- **THE PROBLEM**
Copy each line in the data that includes the word "Lauren".

- **SUPPLIED MATERIAL**

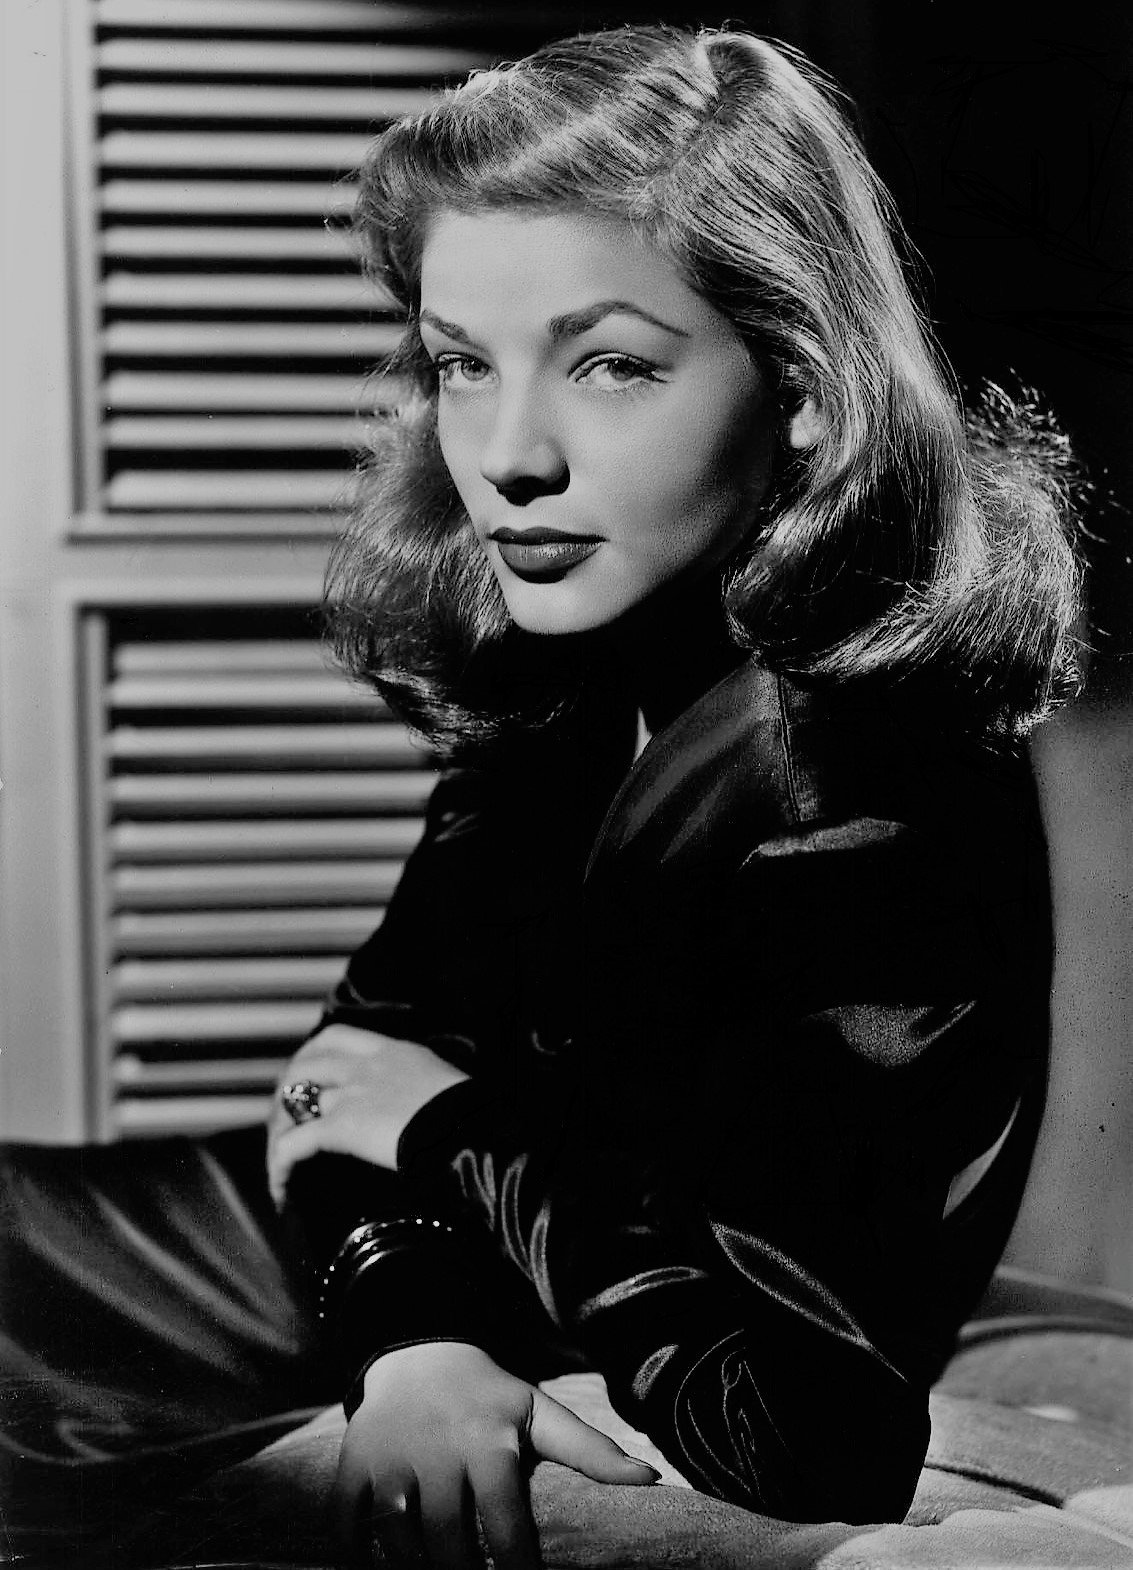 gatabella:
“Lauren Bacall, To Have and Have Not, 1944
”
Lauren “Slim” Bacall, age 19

---

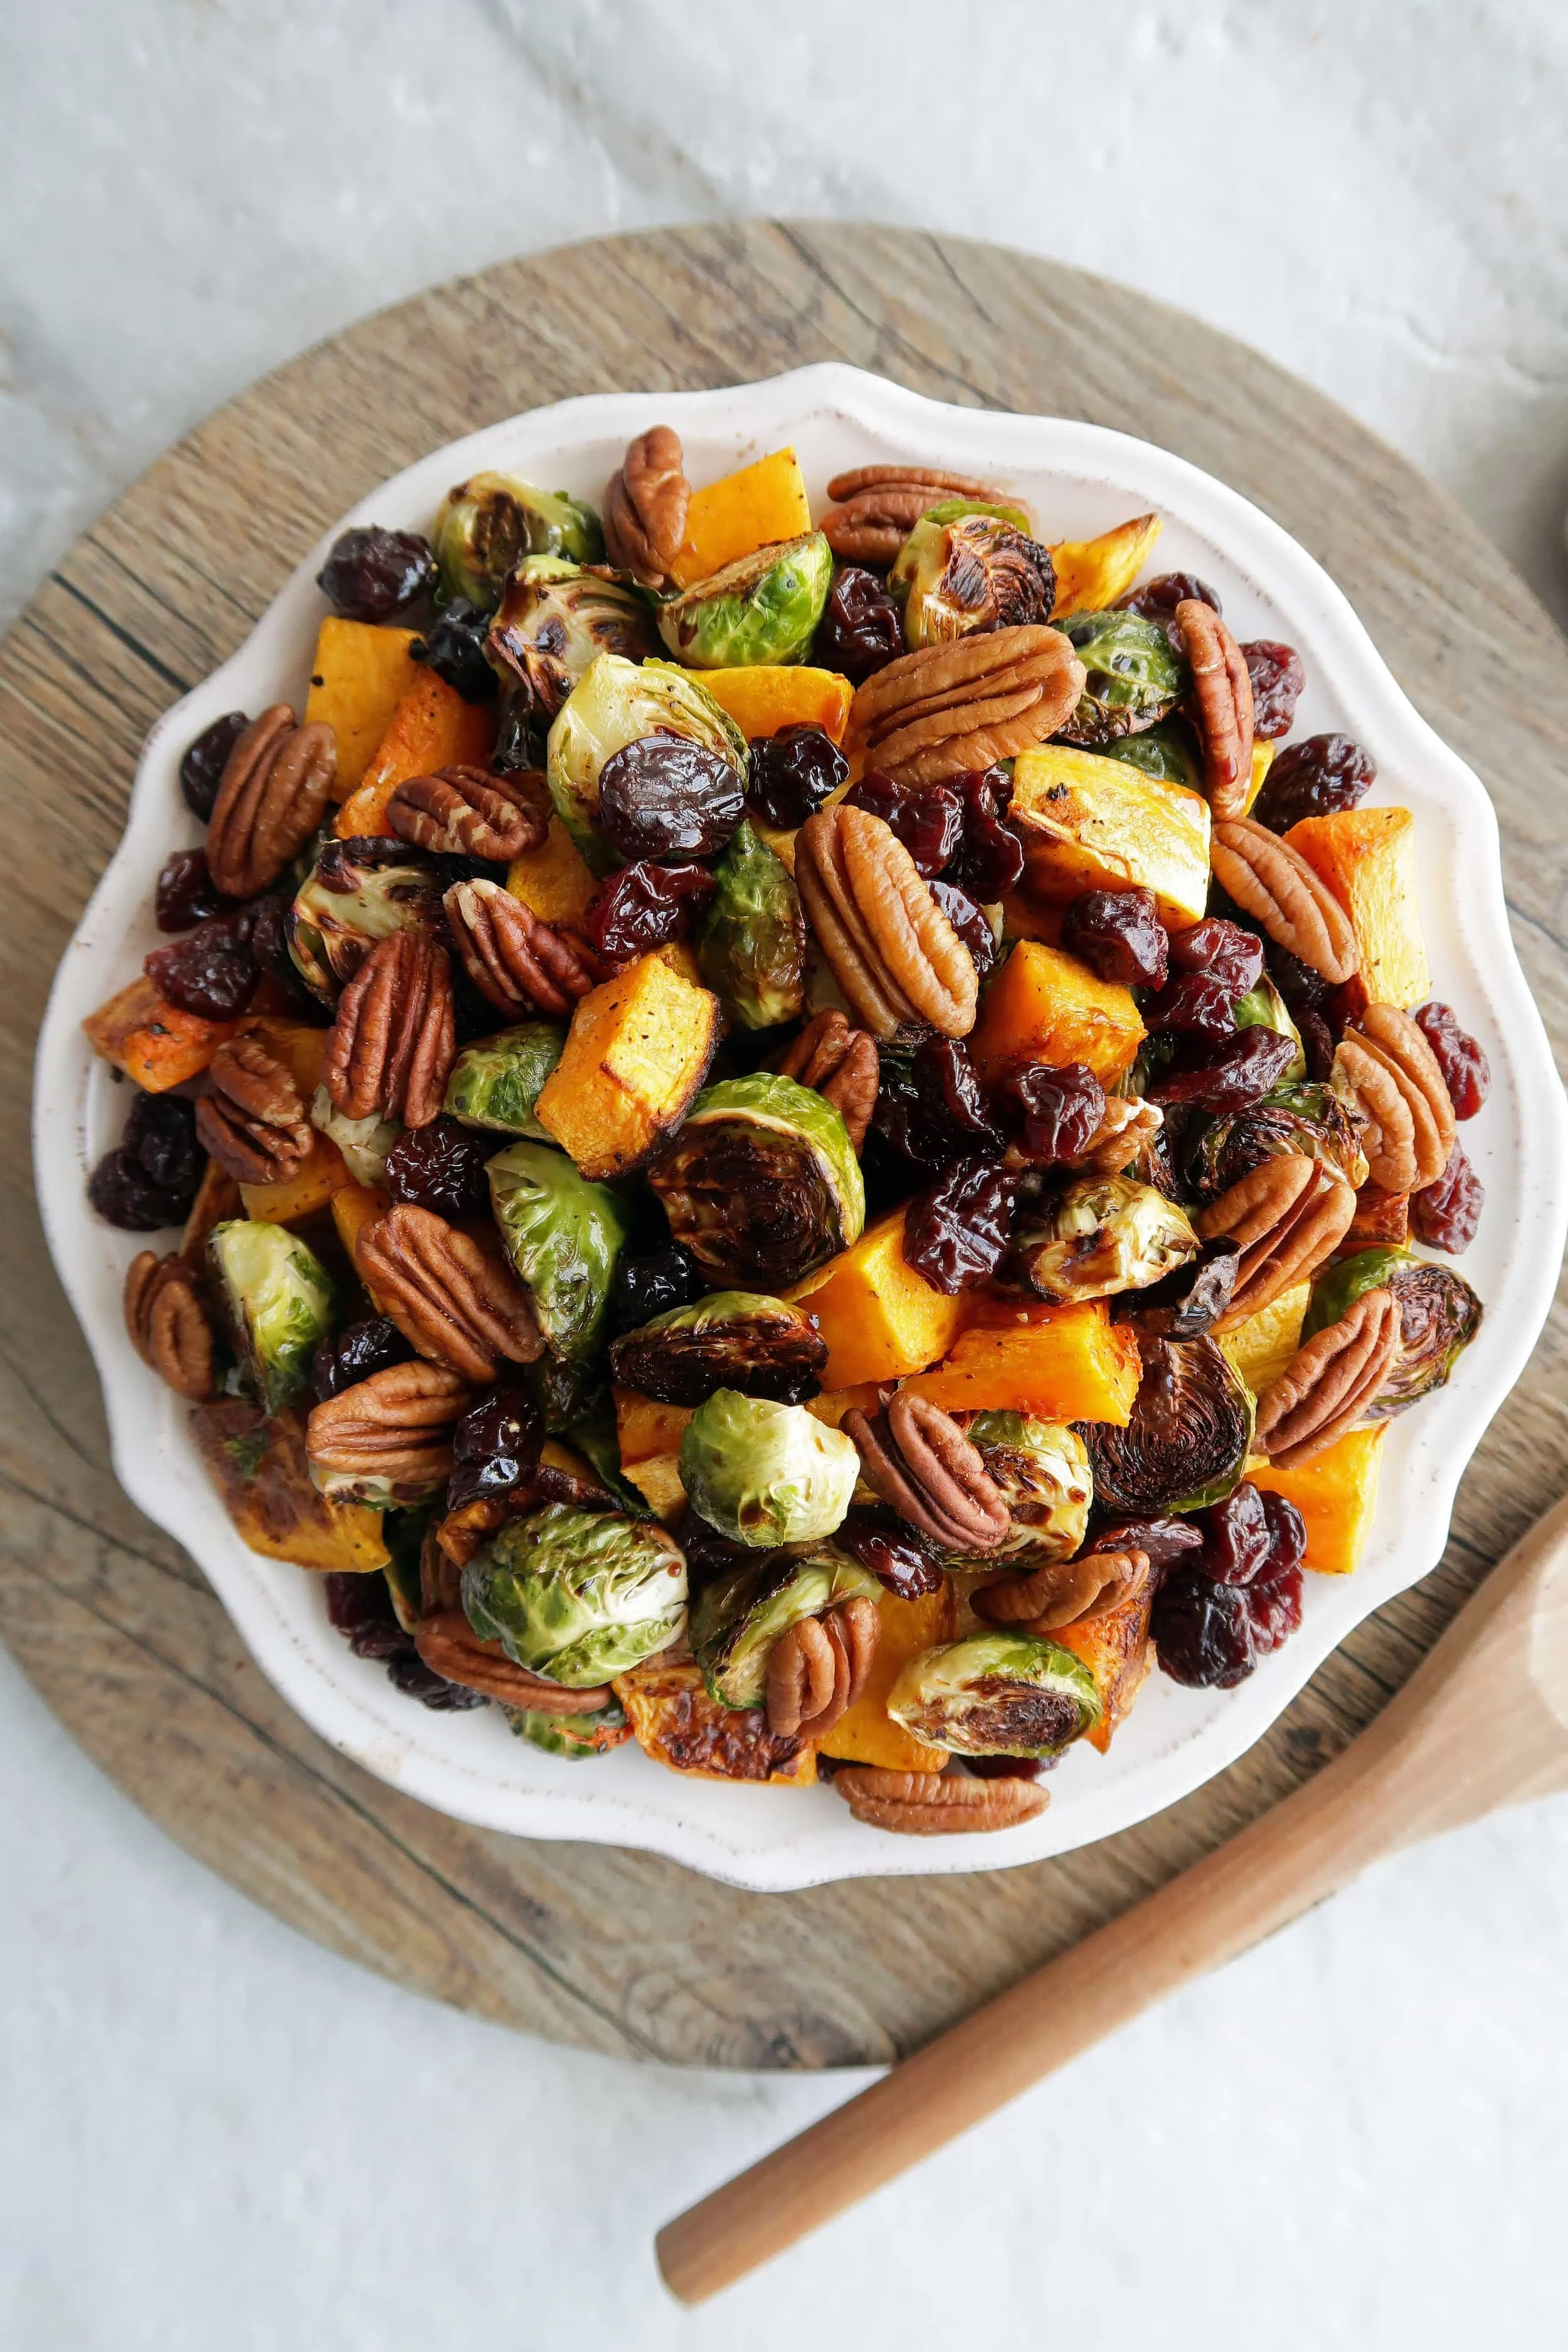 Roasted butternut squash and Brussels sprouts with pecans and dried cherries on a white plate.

- **ANSWER BELOW**
“Lauren Bacall, To Have and Have Not, 1944
Lauren “Slim” Bacall, age 19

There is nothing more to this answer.